All:
I am afraid that a typo (cap vs can) has led to looking under the
wrong cap (or can). The reference that Jack Belrose was referring to
in response to a msg I put on a while back is:
H.A. Wheeler, "The Radiansphere Around a Small Antenna," Proc IRE,
Vol. 47, pp. 1325-1331, 1959.
Harold wanted to separate out the measurement of the loss resistance
from the measurement of the total resistance Ra = Rr + Rl
where Ra = Antenna input resistance at the terminals
Rr = Radiation resistance
Rl = Loss resistance
All we can measure with a bridge at the antenna terminals (on the
antenna side of any matching circuit, which has its own losses, and
which is required to get any power into the small antenna from the
transmitting source) is Ra, the real part of the antenna input
impedance. He postulated that the losses were all associated with the
near fields, which Chu had shown in 1948 to be bounded by a sphere of
radius (lambda)/2*pi. This sphere, the "radian sphere" was the subject
of Harold's paper. If you can put a conducting "can" of spherical
shape and radius of (lambda)/2*pi over the antenna, then the losses
you measure are the antenna's loss resistance (and any losses in the
can due to it not being a perfect conductor).
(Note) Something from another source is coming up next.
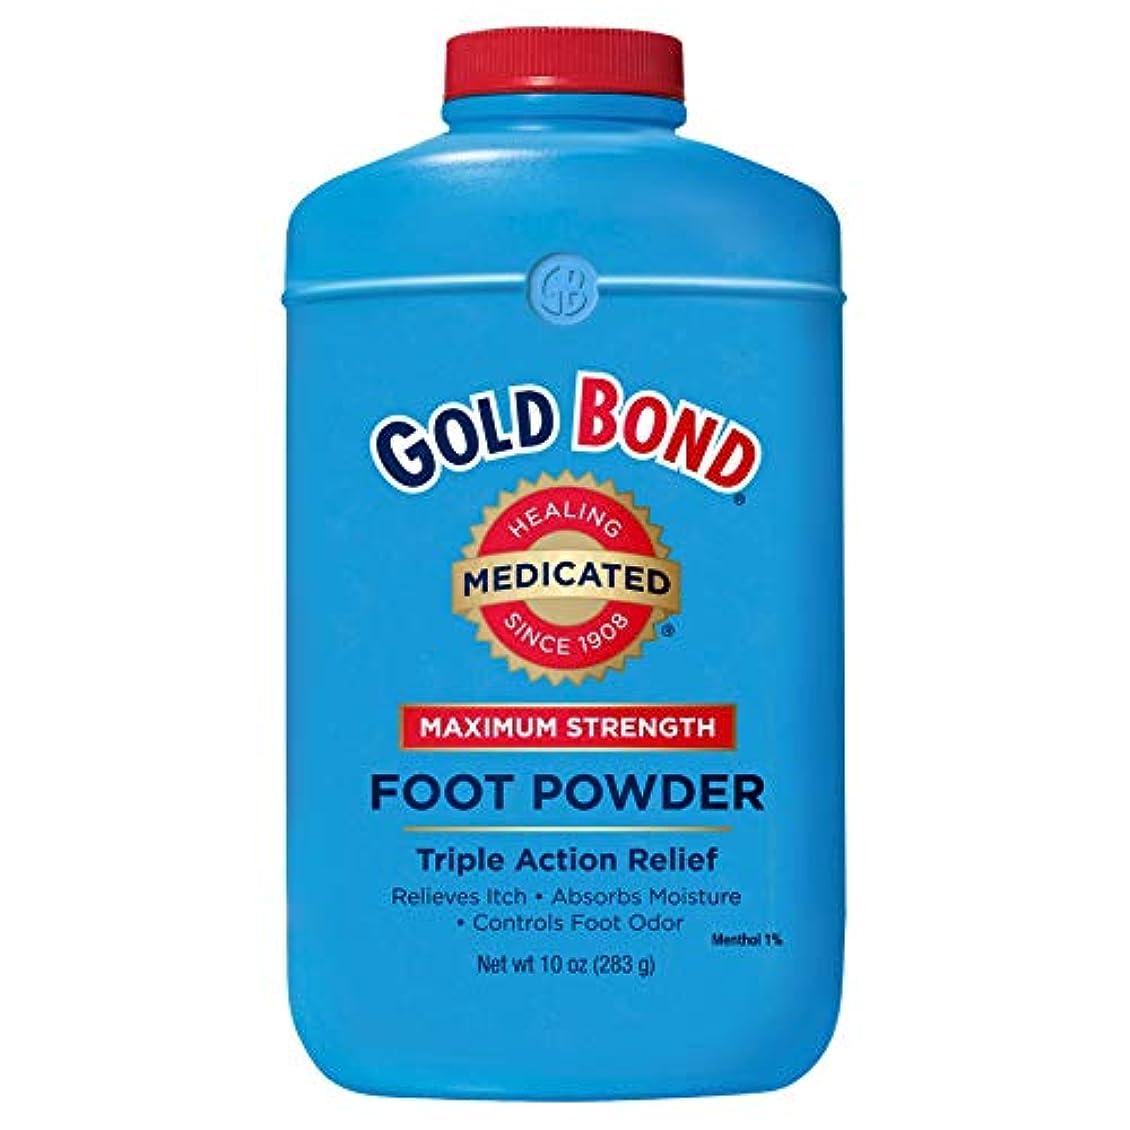 食器棚皮肉恐怖症Gold Bond 足Pwdのサイズ10Z薬用フットパウダートリプルアクション救済 4パック

By measuring Ra with and
without the can present, you can sort out the two components of Ra, Rr
and Rl.
Note that this was before we had NEC and other more modern
method-of-moment tools. We can now, with a NEC model that is based on
a good representation of the antenna and its surroundings compute Rr
for the small antenna structure. With a measured Ra, we can subtract
and get Rl with some accuracy. The bridge accuracy may be of the same
order as the NEC model. Harold would not have needed the "can method"
had he had available our modern computational tools.
If I get time, I will model the "can method" with NEC-4 with a
perfectly conducting can and a real can and see what I get. It would
be a nice vignette on Harold's contribution in 1959.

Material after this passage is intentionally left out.